QC checks needed (suggested order applied as well):
Within station
Timestamp check: Are all expected date-times present? [if not, add in] Are any date-times duplicated? [if yes, flag it and either resolve asking Jen/checking metadata or [determine other action for keeping both records with flag]).
Logical/plausible value check: Are there any nonsensical values (e.g., negative precip), or values outside detection limits of instrument (need to check instrument manual for this, but those usually turn up online in a Google query and I may already have them described in metadata that exists for climate datasets published on EDI)? Anything that fails these get automatically removed with the reason [flag] noted in the final dataset.

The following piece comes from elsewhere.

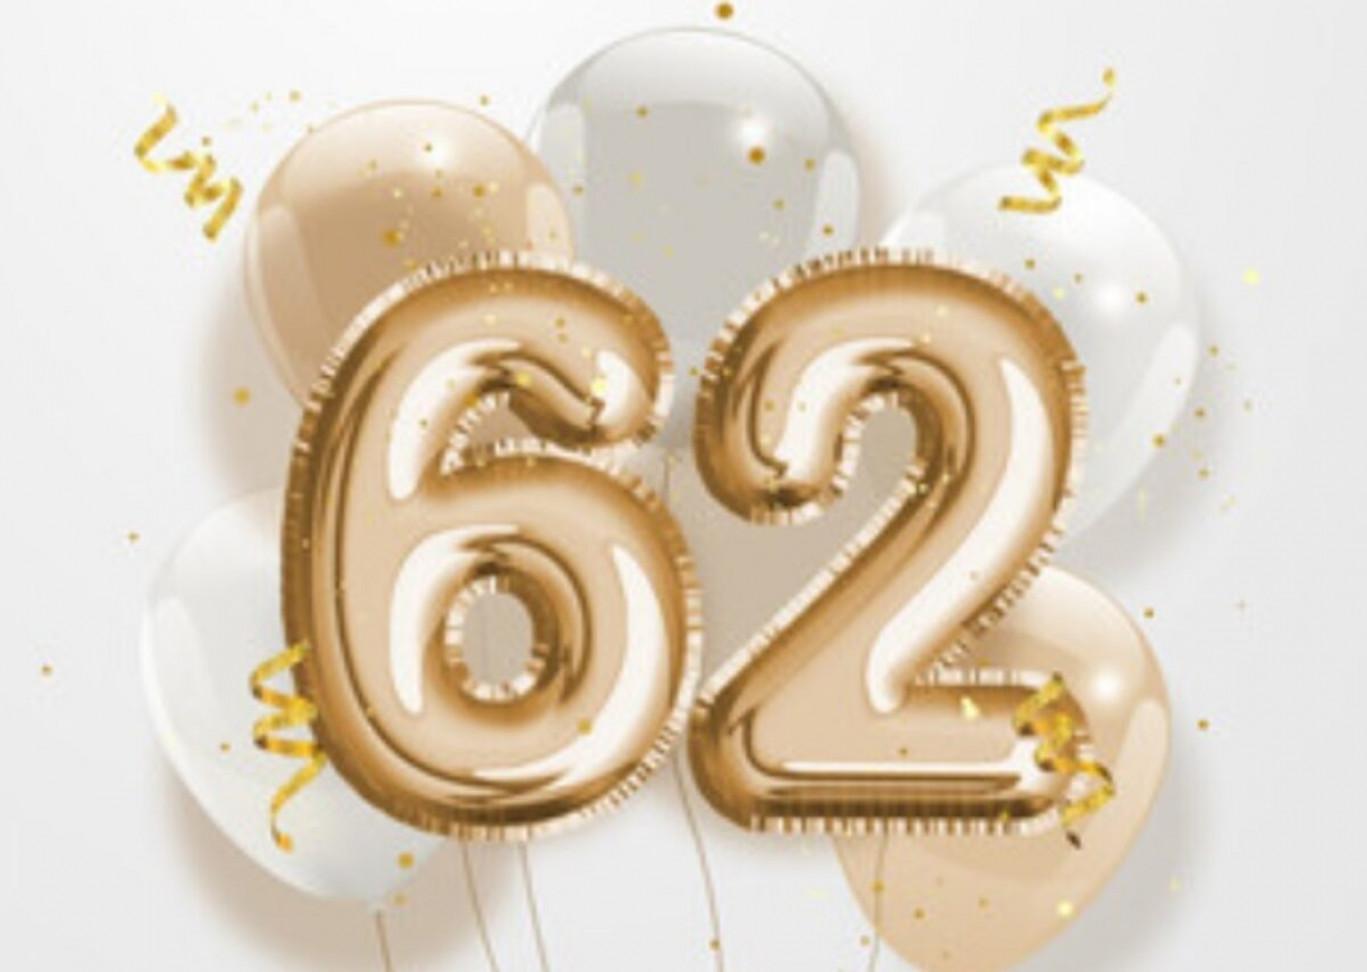 Pensione di vecchiaia anticipata a 62 anni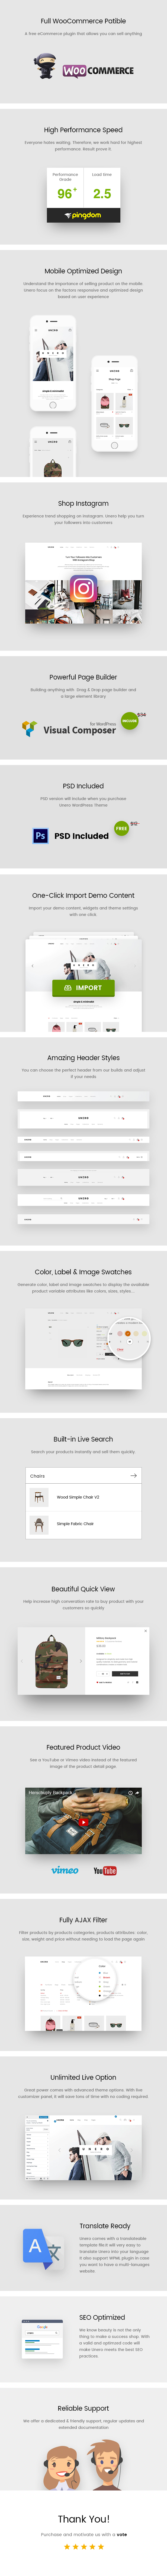 Unero - موضوع AJAX WooCommerce WordPress البسيط - 10

Another form of this ^ check is doing a pre-screen of possible suspect values per Jen's opinion (i.e., Jen wouldn't expect to see any value outside of [range]). These aren't automatic removals, but something to follow as you go through the qc process. If they are truly extreme/outliers and were artificially caused (e.g., instrument fail), they will likely either fail the absolute value check and/or rate change check and/or comparative station check, so it's not totally necessary to write a check for this.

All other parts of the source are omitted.